3.3. Coding of Study Characteristics and Effect Sizes
As you know by this point in your efforts, many decisions must be made while coding the studies that comprise your meta-analysis. It is important that you fully describe this coding process for readers. Three general aspects of the coding process that you should describe are the coding of study characteristics, the coding of effect sizes, and evidence of the reliability of your coding decisions.

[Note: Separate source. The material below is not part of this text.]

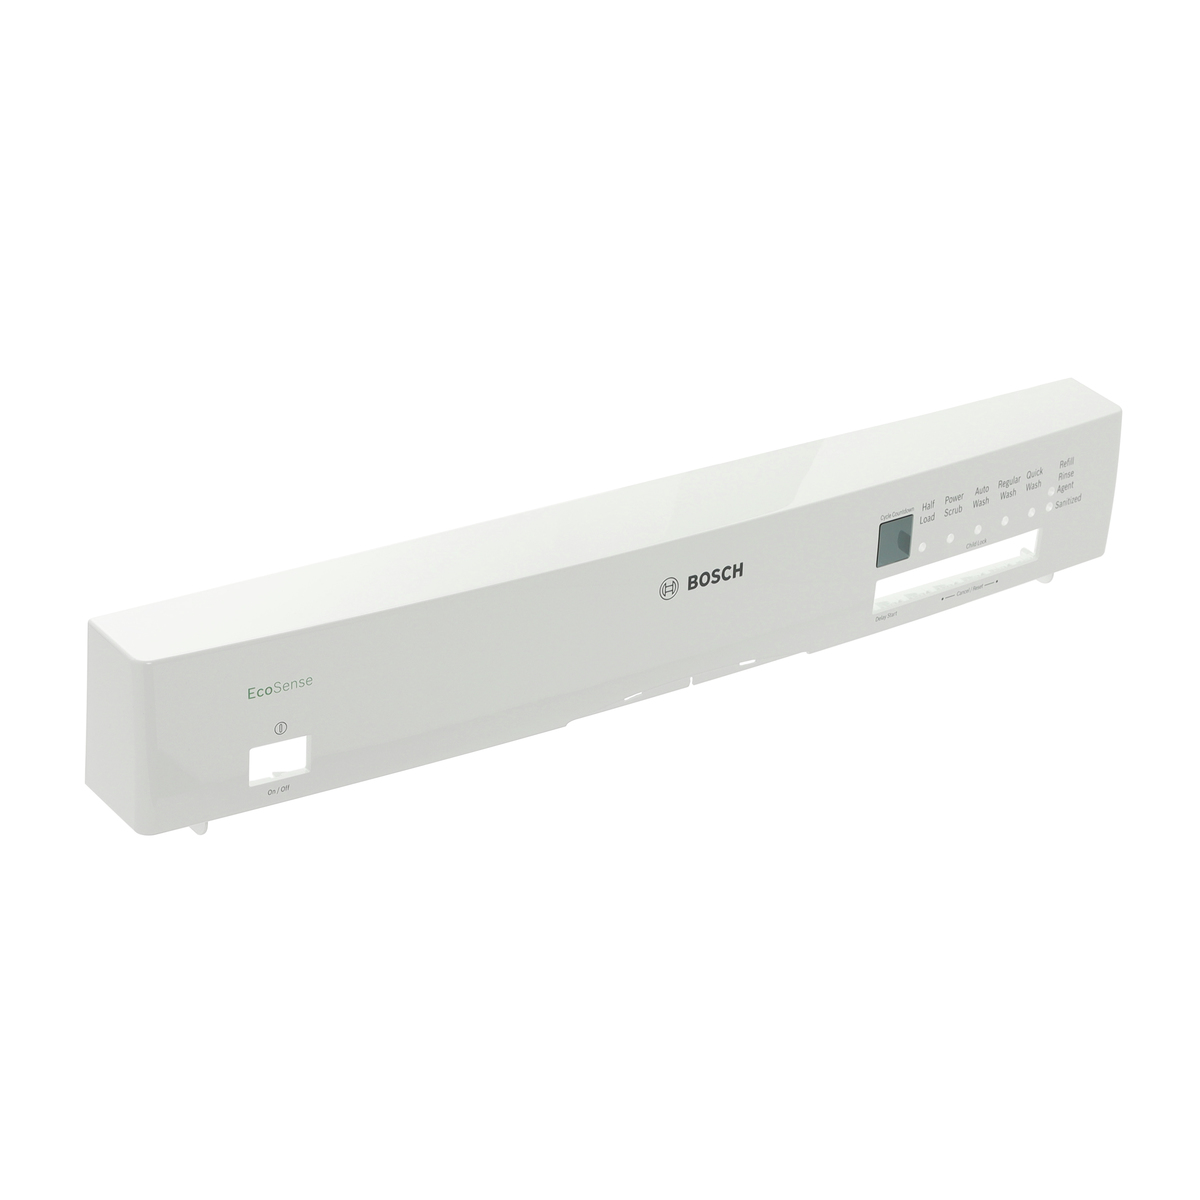 Bosch Dishwasher Panel-Facia – White. Part #00683956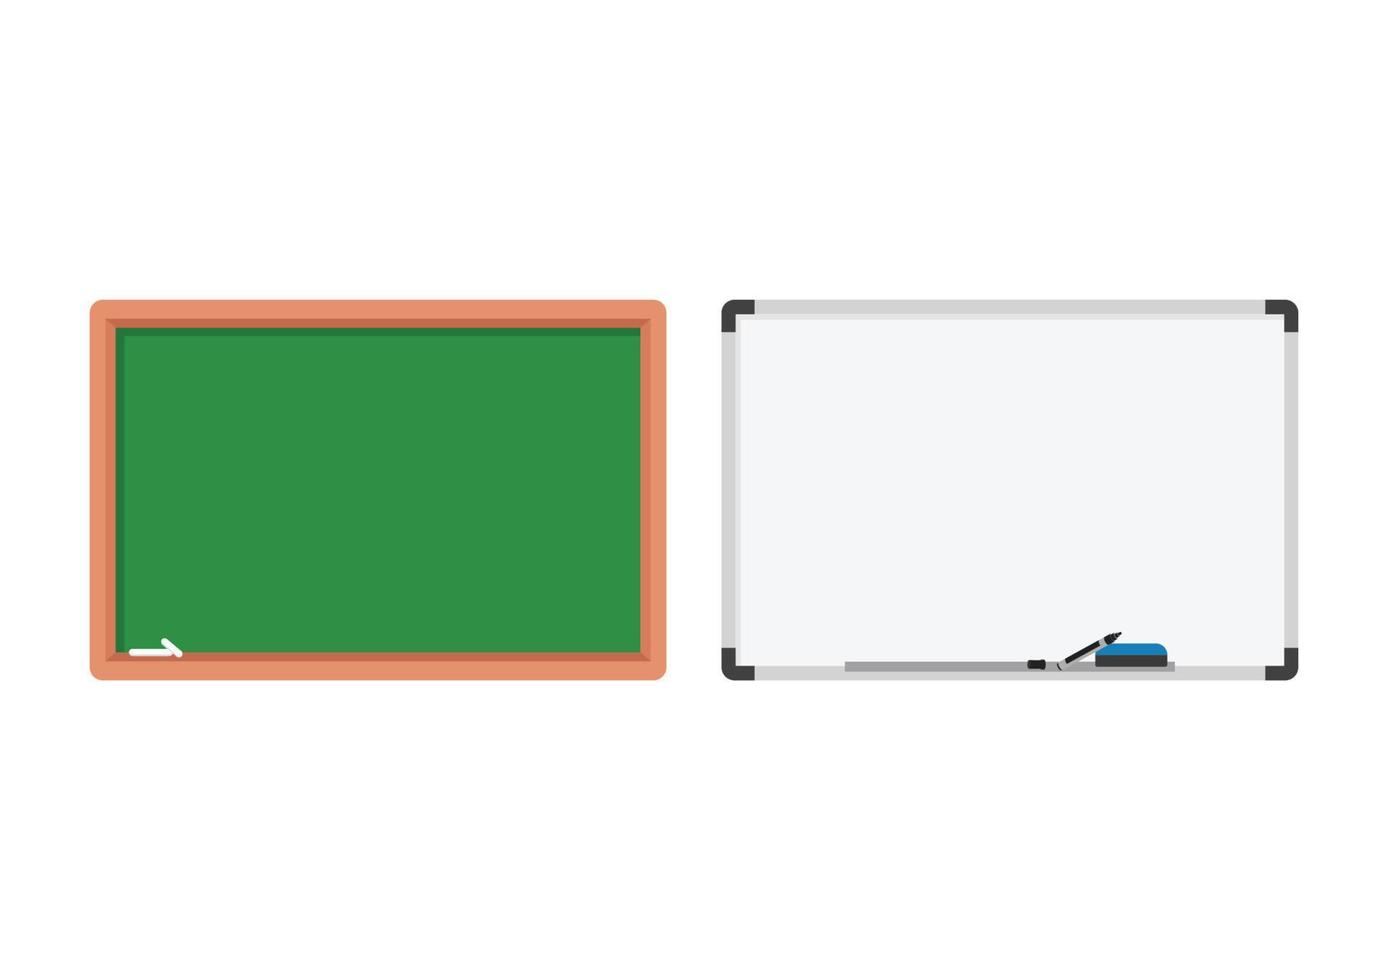 School boards set vector design. Blackboard and whiteboard flat style vector illustration isolated on white background. Blackboard and whiteboard clipart. School green board graphic design

As I described in Chapter 4, you could potentially code for a wide range of study characteristics in your meta-analysis. Whereas you have (or should have) provided a rationale for these study characteristics in the introduction section, here in the method section your task is to explicitly operationalize the characteristics you have coded. At a minimum, you should list the characteristics you coded, defining each term as necessary given the background of your audience and defining each of the possible values for each characteristic. For some characteristics (usually the “low-inference codes”; Chapter 4, Cooper, 2009a), this description can be very brief. For example, in describing “age” in the example meta-analysis I have described throughout this book, I might write “Age was coded as the mean age in years of the sample.” For other characteristics (especially “high-inference codes”; Chapter 4, Cooper, 2009a), the description may need to be considerably more extensive. For example, in describing the study characteristic “source of information” in this metaanalysis, it might (depending on the audience’s familiarity with these measurement practices) be necessary for me to write a sentence or two for each of the possible codes (e.g., “Self-reports were defined as any scale in which the child provided information about his or her own frequency of relational aggression, including paper-and-pencil questionnaires, responses to online surveys, and individual interviews”). Coding of even higher inference characteristics, such as “study quality” (see Chapter 4) might require multiple paragraphs. With many coded study characteristics, especially those requiring extensive descriptions, full description of all of these characteristics could take considerable space. Depending on the audience’s knowledge of your field and the space available in your publication outlet, it may be useful to present some of these details in a table or an appendix, or make them available upon request. However, the suggestion I offered earlier might be useful: When in doubt, err on the side of reporting too much rather than too little.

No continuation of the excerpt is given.